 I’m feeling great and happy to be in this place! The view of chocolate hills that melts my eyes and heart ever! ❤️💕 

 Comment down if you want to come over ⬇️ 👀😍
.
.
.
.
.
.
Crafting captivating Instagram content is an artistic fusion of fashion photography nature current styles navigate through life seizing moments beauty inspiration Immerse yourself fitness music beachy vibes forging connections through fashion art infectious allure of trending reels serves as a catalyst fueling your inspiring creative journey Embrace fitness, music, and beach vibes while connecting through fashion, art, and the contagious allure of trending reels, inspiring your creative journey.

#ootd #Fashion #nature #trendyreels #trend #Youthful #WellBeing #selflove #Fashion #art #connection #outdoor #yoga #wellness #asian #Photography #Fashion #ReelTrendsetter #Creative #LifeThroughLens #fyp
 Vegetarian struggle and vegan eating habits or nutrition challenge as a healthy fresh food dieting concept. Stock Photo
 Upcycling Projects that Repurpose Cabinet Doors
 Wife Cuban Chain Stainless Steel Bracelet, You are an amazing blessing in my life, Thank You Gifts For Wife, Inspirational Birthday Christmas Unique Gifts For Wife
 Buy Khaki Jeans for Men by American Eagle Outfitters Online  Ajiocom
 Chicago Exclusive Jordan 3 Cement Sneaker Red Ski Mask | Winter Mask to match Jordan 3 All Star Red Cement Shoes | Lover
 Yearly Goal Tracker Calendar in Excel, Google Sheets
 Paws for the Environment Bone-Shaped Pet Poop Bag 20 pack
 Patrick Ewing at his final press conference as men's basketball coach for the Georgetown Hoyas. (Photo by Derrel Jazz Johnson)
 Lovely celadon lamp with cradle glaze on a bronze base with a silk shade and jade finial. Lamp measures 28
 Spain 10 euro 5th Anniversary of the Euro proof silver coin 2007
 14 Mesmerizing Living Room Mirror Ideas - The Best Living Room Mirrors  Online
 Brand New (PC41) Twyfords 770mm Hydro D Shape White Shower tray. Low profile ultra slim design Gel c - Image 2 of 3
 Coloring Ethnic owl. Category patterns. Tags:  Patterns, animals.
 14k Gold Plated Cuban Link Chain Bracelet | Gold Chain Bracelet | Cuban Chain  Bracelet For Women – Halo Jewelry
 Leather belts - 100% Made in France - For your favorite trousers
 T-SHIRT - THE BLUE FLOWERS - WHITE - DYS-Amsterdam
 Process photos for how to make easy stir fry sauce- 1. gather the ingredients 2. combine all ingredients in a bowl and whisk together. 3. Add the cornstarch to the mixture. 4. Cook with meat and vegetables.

+++++

◆ Task details ◆
For each line in the records that contains the word "Chain", make a copy.

◆ Response for this exercise ◆
 Wife Cuban Chain Stainless Steel Bracelet, You are an amazing blessing in my life, Thank You Gifts For Wife, Inspirational Birthday Christmas Unique Gifts For Wife
 14k Gold Plated Cuban Link Chain Bracelet | Gold Chain Bracelet | Cuban Chain  Bracelet For Women – Halo Jewelry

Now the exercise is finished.